Sand drawing from Vanuatu, an art form recognised by UNESCO as a Masterpiece of the Oral and Intangible Heritage of Humanity.

This article presents an overview of the culture of Vanuatu.

Social system and customs[edit]

Funeral masks, Malakula Island nineteenth century MHNT
A memorial in Port Vila representing totem poles and a rounded tusk

Vanuatu culture retains a strong diversity through local regional variations and through foreign influence. Vanuatu may be divided into three major cultural regions. In the north, wealth is established by how much one can give away, through a system of grade-taking. Pigs, particularly those with rounded tusks, are considered a symbol of wealth throughout Vanuatu. In the center, more traditional Melanesian cultural systems dominate. In the south, a system involving grants of title with associated privileges has developed.[1]

Young men undergo various coming-of-age ceremonies and rituals to initiate them into manhood, usually including circumcision.


Traditional music (known in Bislama as kastom singsing or kastom tanis) is still thriving in the rural areas of Vanuatu. Musical instruments consist mostly of idiophones: drums of various shape and size, slit gongs, as well as rattles, among others. In various regions, aerophones, such as whistles or bamboo flutes, are used to be played; membranophones and chordophone were also found in some areas, but have fallen into disuse during colonial times.

The large slit gongs which symbolize Vanuatu belong to these traditional instruments; they were most often used as musical drums to accompany certain dances, but also sometimes – though seldom – as a ritual means of communication; although widespread throughout Vanuatu, they are used vertically only in central areas of the archipelago (mainly on Ambrym). Traditional music is actually a very general cover term encompassing a wide and complex variety of musical genres known by every local community – in a way very similar to the vague term classical music of Western societies.

String band musicians performing in Port Vila.

Another musical genre that has become widely popular during the 20th century in all areas of Vanuatu, is known as string band music. It combines guitars, ukulele, bush bass and popular songs.

More recently the music of Vanuatu, as an industry, grew rapidly in the 1990s and several bands have forged a distinctive ni-Vanuatu identity. Popular genres of modern commercial music, which are currently being played in town include zouk music and reggaeton. Reggaeton, a variation of hip-hop rapped in Spanish, played alongside its own distinctive beat, is especially played in the local nightclubs of Vanuatu with mostly an audience of Westerners and tourists.

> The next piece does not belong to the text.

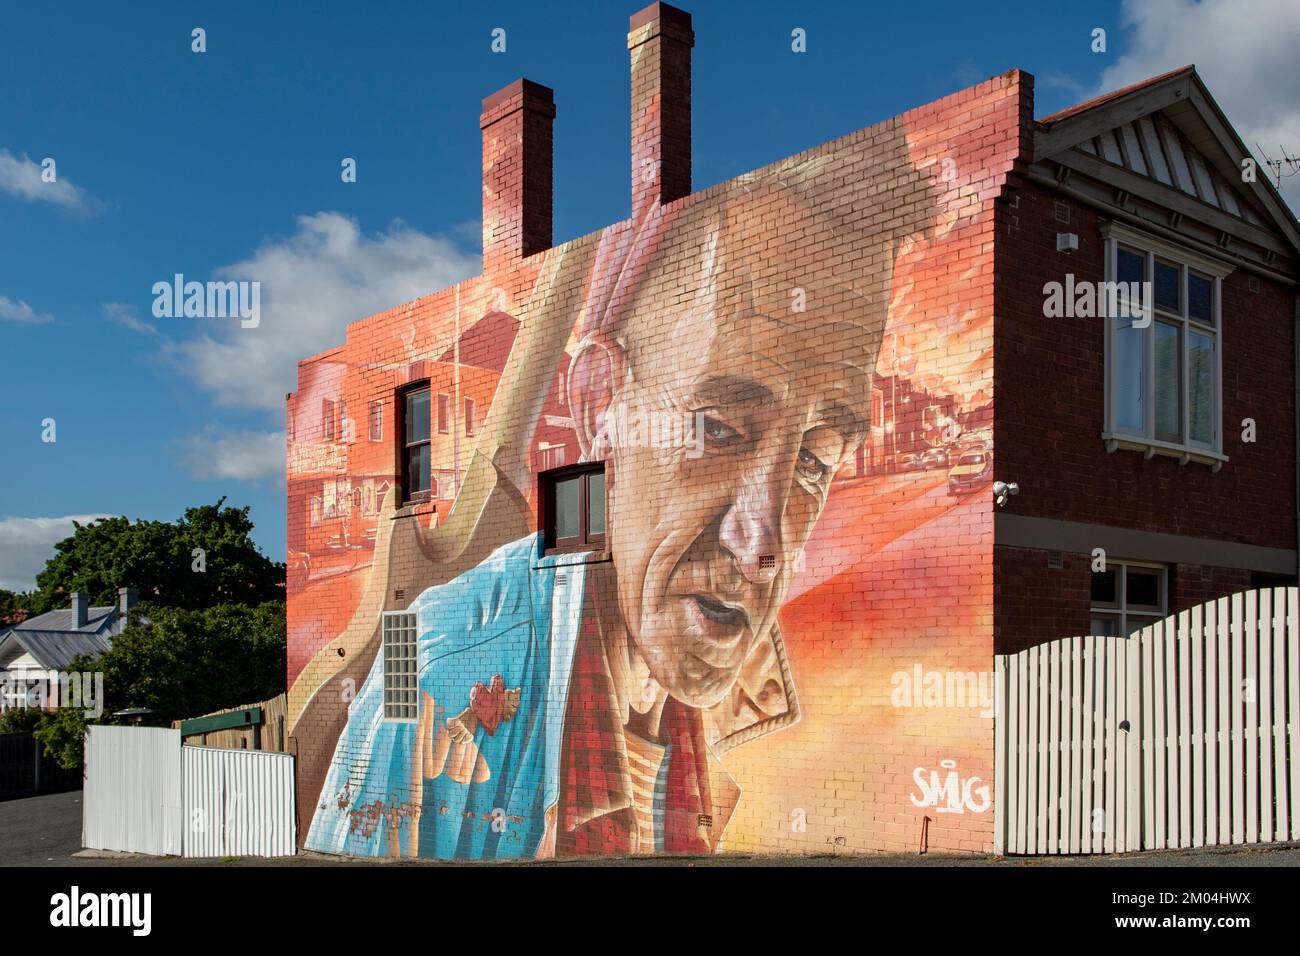 House Wall Mural by Smug, North Hobart, Tasmania, Australia Stock Photo

There are few prominent ni-Vanuatu authors. Women's rights activist Grace Mera Molisa, who died in 2002, achieved international notability as a very descriptive poet.


Wall painting opposite the market hall

Sand drawing from Vanuatu is an art form recognised by UNESCO as a Masterpiece of the Oral and Intangible Heritage of Humanity.

One of the most important contemporary artists of Vanuatu is Aloi Pilioko who created the impressive colourful relief on the post office in Port Vila.[2] Another remarkable wall painting can be seen on the administration building opposite the market hall in Port Vila.


Cricket is a very popular sport in Vanuatu. There are 8,000 registered cricketers.[3] Sport varies depending on the gender of those involved. Volleyball is considered a girls sport, while males play soccer and rugby union.


There are three official languages: English, French, and Bislama. Bislama is a pidgin language, and now a creole in urban areas, which essentially combines a typically Melanesian grammar with a mostly English vocabulary. It is the only language that can be understood and spoken by the majority of Vanuatu's population as a second language. In addition 113 indigenous languages are still actively spoken in Vanuatu.[1]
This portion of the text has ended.